Я повернулся к дому и вздрогнул: передо мной стоял отец, на гладко выбритой голове играет солнечный зайчик, тучновато-плотный, в парусиновой гимнастерке, перехваченной тонким кавказским ремешком с бляшками, лицо не хмурое и глаза не завешаны бровями — спокойное, усталое лицо.

Шагнул на меня, положил на мое плечо тяжелую руку и надолго загляделся куда-то в сторону, наконец спросил:

— Ты дал ему хлеба?

— Дал.

И он снова вглядывался в даль.

Я люблю своего отца и горжусь им.

О великой революции, о гражданской войне сейчас поют песни и складывают сказки. Это о моем отце поют, о нем складывают сказки!

Он из тех солдат, которые первыми отказались воевать за царя, арестовали своих офицеров.

Он слышал Ленина на Финском вокзале. Он видел его стоящим на броневике, живым — не на памятнике.

Он был в гражданскую комиссаром Четыреста шестнадцатого ревполка.

У него на шее рубец от колчаковского осколка.
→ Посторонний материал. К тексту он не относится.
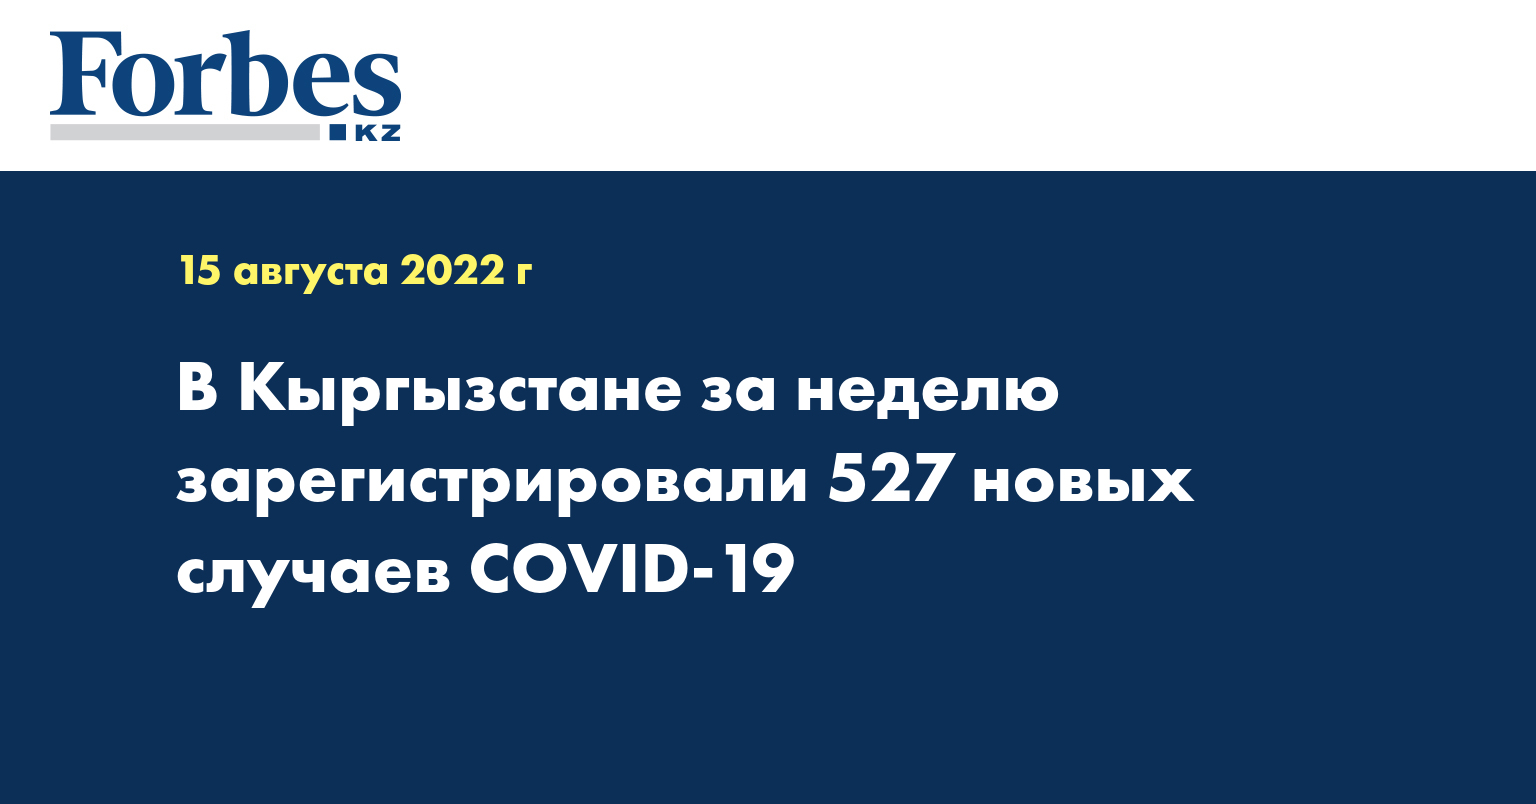 В Кыргызстане за неделю зарегистрировали 527 новых случаев COVID-19
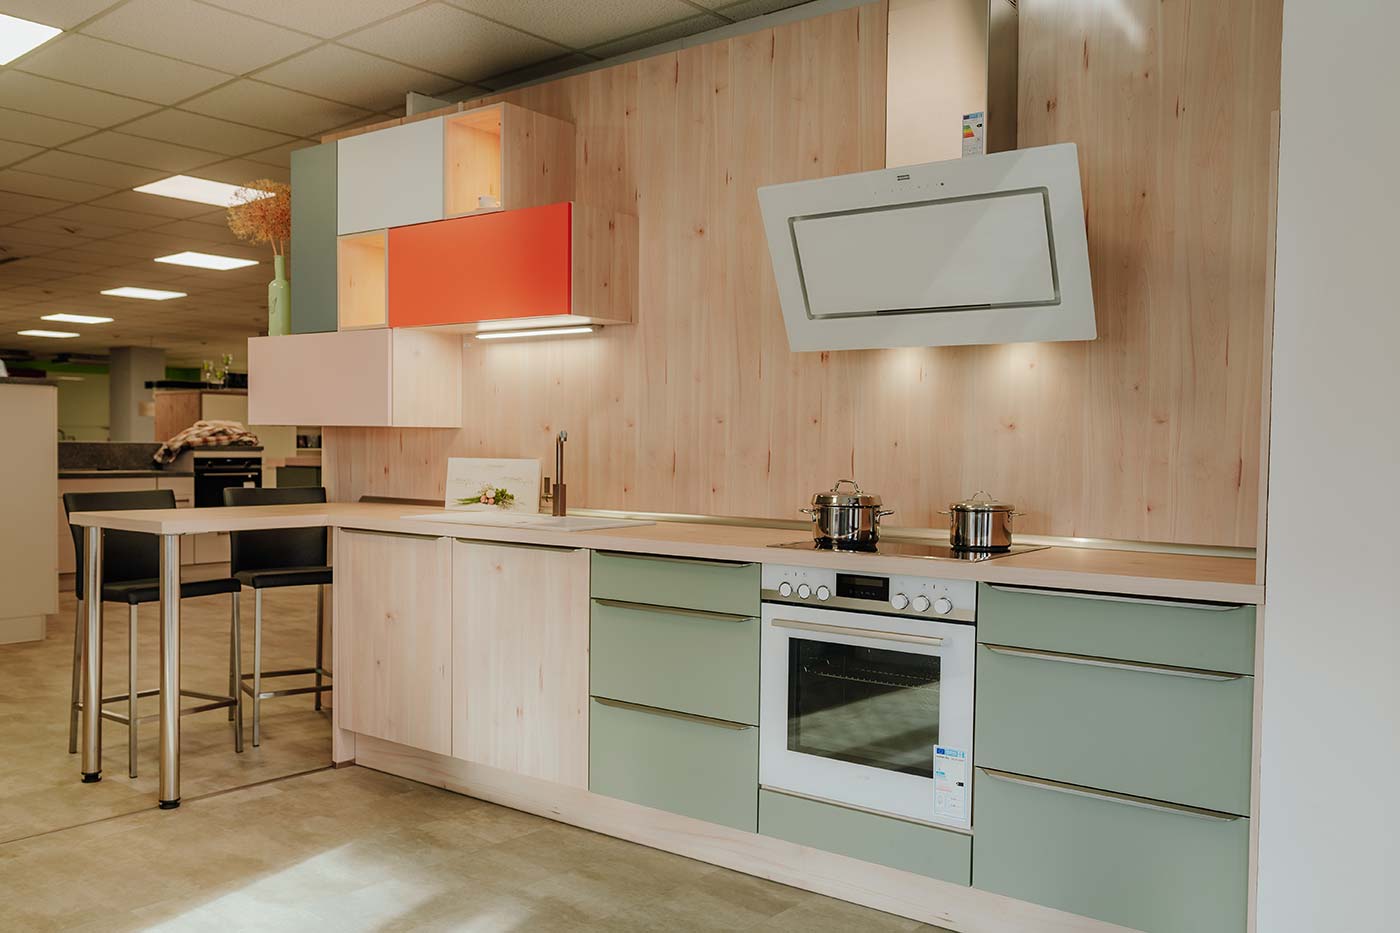 Küche aus Holz mit Fronten in orange & mintgrün und weißer Dunstabzugshaube in der Küchenausstellung Matthäs

Он получил в награду именные серебряные часы. Их потом украли, но я сам держал их в руках, видел надпись на крышке: «За проявленную храбрость в боях с контрреволюцией»…

Я люблю отца и горжусь им. И всегда боюсь его молчания. Сейчас вот помолчит и скажет: «Я всю жизнь воюю с врагами, а ты их подкармливаешь. Не предатель ли ты, Володька?»

Но он тихо спросил:

— Почему этому? Почему не другому?

— Этот подвернулся…

— Подвернется другой — дашь?

— Н-не знаю. Наверное, дам.

— А хватит ли у нас хлеба накормить всех?

Я молчал и смотрел в землю.

— У страны не хватает на всех-то. Чайной ложкой море не вычерпаешь, сынок. — Отец легонько подтолкнул меня в плечо. — Иди играй.

Знакомый слон начал вести со мной молчаливый поединок. Он подходил под наше окно и стоял, стоял, стоял, застывший, неряшливый, лишенный лица. Я старался не глядеть на него, терпел, и… слон выигрывал. Я выскакивал к нему с куском хлеба или холодной картофельной оладьей. Он получал дань и медлительно удалялся.

Однажды, выскочив к нему с хлебом и хвостом трески, выловленным из вчерашней похлебки, я вдруг обнаружил, что под нашим забором на пыльной траве валяется еще один слон, укрытый извоженной, когда-то черной железнодорожной шинелью. Он лишь приподнял навстречу мне нечесаную, в колтунах и болячках голову, прохрипел:

— Ма-а-льчик! По-ми-раю!..

И я увидел, что это правда, отдал ему кусок вареной трески.

На следующее утро под нашим забором лежали еще три шкилетника. Я попадал уже в полную осаду, я теперь не мог уже ничего вынести, чтобы откупиться. Пятерых не подкормишь от своих обедов и завтраков, да и запасов у матери на всех недостанет.

Брат бегал смотреть на гостей, возвращался возбужденно-радостный:

— Еще один шкилетник к Володьке приполз!

Мать ругалась:

— Лежку устроили, словно мы всех богаче. Прикормили паразитов, ироды!

Как всегда, она ругала сразу двоих, хотя брат был не виновен ни сном ни духом. Мать ругалась, но выйти и отогнать голодных куркулей не решалась. Молча проходил мимо голодного лежбища и мой отец. Мне он не сказал в упрек ни единого слова.

Мать приказала:

— Вот кувшин — за квасом в столовку сбегай. И быстро мне!

Делать нечего, я принял из ее рук стеклянный кувшин.

Сквозь калитку на волю я проскочил беспрепятственно, не вялым слонам и не еле ползающим шкилетиикам перехватить меня.

Я долго толкался в столовке-чайной, покупал квас. Квас был настоящий, хлебный — никак не витаминный морс, — потому продавался не каждому, кто захочет, а только по спискам. Но торчи не торчи, а возвращаться надо.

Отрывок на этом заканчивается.